We have generated mice with a deficiency in T1/ST2 expression to clarify the roles of T1/ST2 in T helper cell type 2 (Th2) responses. Using immunological challenges normally characterized by a Th2-like response, we have compared the responses of T1/ST2-deficient mice with those generated by wild-type mice. Using a primary pulmonary granuloma model, induced with Schistosoma mansoni eggs, we demonstrate that granuloma formation, characterized by eosinophil infiltration, is abrogated in T1/ST2-deficient mice. Furthermore, we clearly demonstrate that in the absence of T1/ST2 expression, the levels of Th2 cytokine production are severely impaired after immunization. Thus, in a secondary pulmonary granuloma model, draining lymph node cells from the T1/ST2-deficient animals produced significantly reduced levels of IL-4 and IL-5, despite developing granulomas of a magnitude similar to those of wild-type mice and comparable antigen-specific immunoglobulin isotype production. These data clearly demonstrate that T1/ST2 expression plays a role in the development of Th2-like cytokine responses and indicate that effector functions are inhibited in its absence.
Introduction
Although Th2 cells (characterized by their expression of cytokines such as IL-4, IL-5, IL-6, IL-9, IL-10, and IL-13) mediate beneficial responses to infection with parasitic gastrointestinal nematodes 1,2, they have been shown to be detrimental in the development of asthma and allergy 3,4. These effects are due to Th2 cells initiating responses including increased production of IgE and eosinophilia 5,6. Recently, the IL-1 receptor–related molecule T1/ST2 has been reported to distinguish a subset of CD4+ T helper cells of the Th2 subtype, characterized by their elevated expression of the cytokines IL-4, IL-5, and IL-13 7,8,9. However, the T1/ST2 receptor is also expressed on mast cells 10,11 and was described originally as a serum-induced gene in fibroblasts 12,13,14,15. Alternative transcriptional regulation results in the production of soluble and transmembrane forms of the T1/ST2 protein due to the use of different polyadenylation signals 16,17. The mRNA encoding the soluble form is induced upon stimulation of fibroblasts 12,13,14,15, whereas mRNA encoding the membrane-anchored form is expressed in the hematopoietic tissues and lung 16,18. The T1/ST2 gene is tightly linked to the genes encoding the type I and type II IL-1 receptor on mouse chromosome 1 19 and human chromosome 2 20,21. The biological function of the T1/ST2 receptor remains unclear, but its homology with Toll receptors and other IL-1 family members 22 suggests that it may play a central role in innate and adaptive immune responses.

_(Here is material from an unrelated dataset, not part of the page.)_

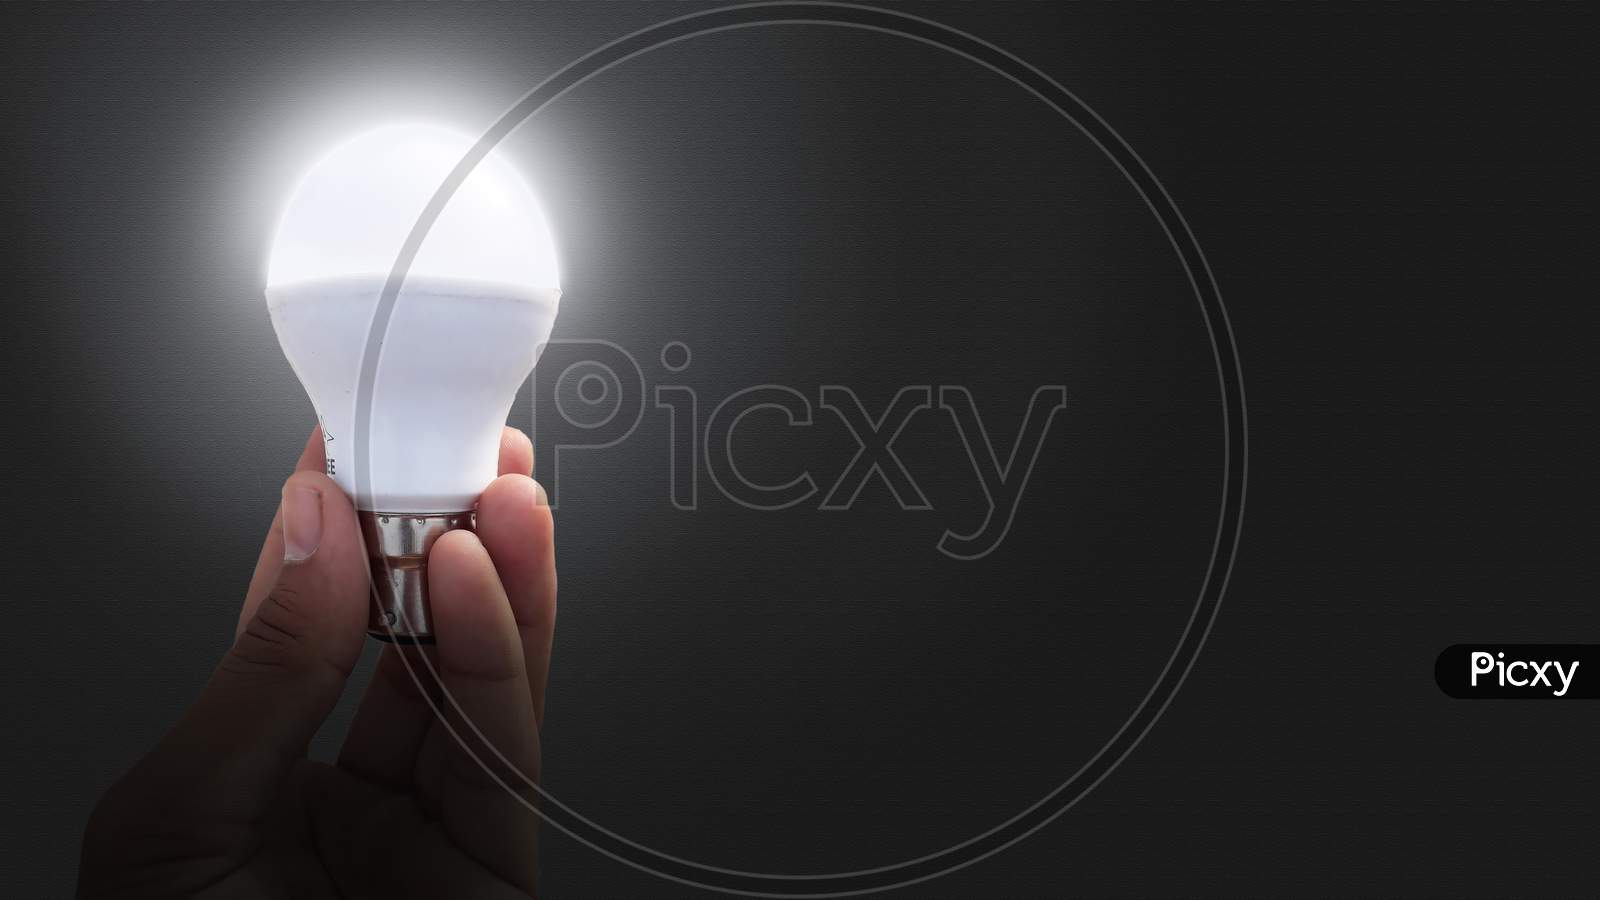 A white glowing LED bulb hold in hand on textured background / motivational background or image

Indeed, recent studies have suggested that administration of a neutralizing antibody against T1/ST2 or a T1/ST2–Ig fusion protein is capable of partially inhibiting Th2 cell differentiation and the development of Th2 effector functions in vivo, including allergic airway inflammation 7,8,23. However, a further study using a line of T1/ST2-deficient animals has suggested that T1/ST2 is not necessary for Th2 cell differentiation or effector function 24. Using parasitic infection with the helminth Nippostrongylus braziliensis, these investigators failed to show differences in IL-4 production from polyclonally activated splenocytes or changes in total serum IgE or IgG1 24. Similarly, they also found that total serum IgE and IgG1 and immune cell phenotypes were normal in a model of airway inflammation 24. Thus, there appears to be a contradiction between the results obtained using T1/ST2 blocking reagents and those generated using T1/ST2-deficient animals.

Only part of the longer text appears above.